This is the mail archive of the
mailing list for the GCC project.
Re: [PATCH] fix arm neon ICE by widening tree_type's precision field
On Mon, Jun 08, 2009 at 10:18:17PM +0200, Jakub Jelinek wrote:
> On Mon, Jun 08, 2009 at 03:52:11PM -0400, Daniel Jacobowitz wrote:
> > In order to get good code out of these, I think we'd need to represent
> > early on that the single gimple operation set three different vectors
> > (SSA? What SSA?) Also we'd need to somehow do sensible register
> > allocation for these constraints.
> > Instead, we do not support these in the vectorizer; use unions for
> > the intrinsics (which do not get scalarized, so perhaps the new SRA
> > will help here), and fake it with these huge partial modes during RTL
> > expansion. See the XImode patterns in neon.md for examples.
> > Any ideas? :-)
> Why do you need the big modes? If the insn does load from memory into
> a couple of registers (or stores from couple of registers into memory),
> why can't you just use a parallel with all those stores in it?

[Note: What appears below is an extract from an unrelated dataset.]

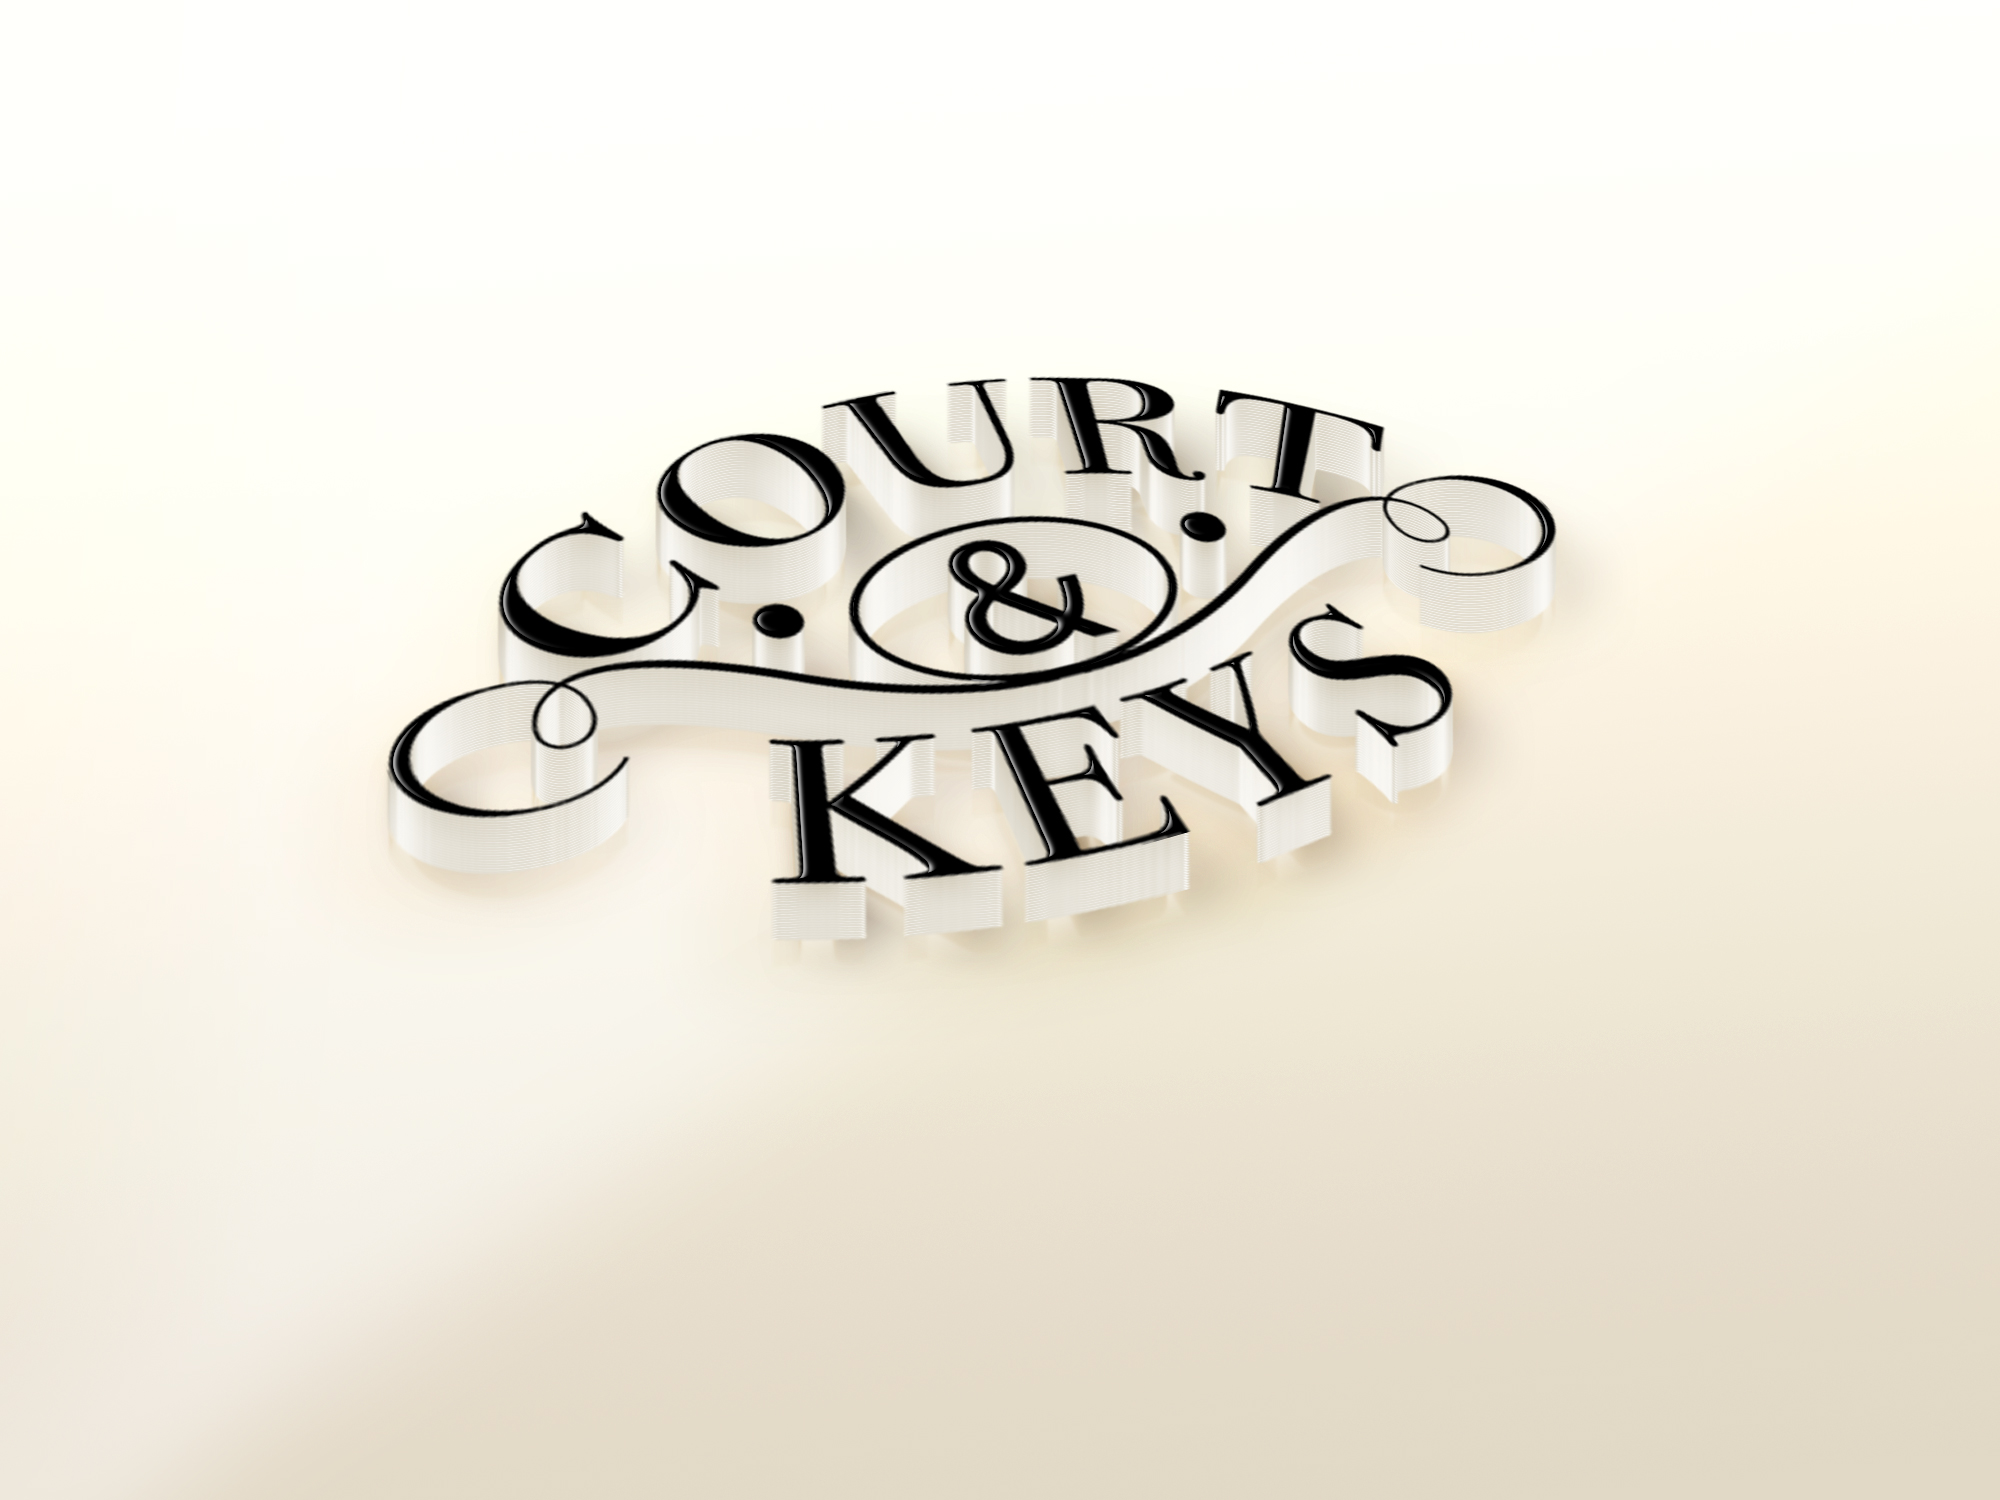 Court-and-keys-marketing-Demo-web-use

> See e.g. s390.md for load_multiple and store_multiple...
Two reasons. One, for the intrinsics, which use __builtin_neon_xi and
so forth. The other, for the register allocation constraints. I
don't see any way we could tell the register allocator "these three
operands must have consecutive register numbers" (or, even worse,
consecutive with stride 2). S/390 handles this by generating
load_multiple directly for hard registers, only if reload_completed.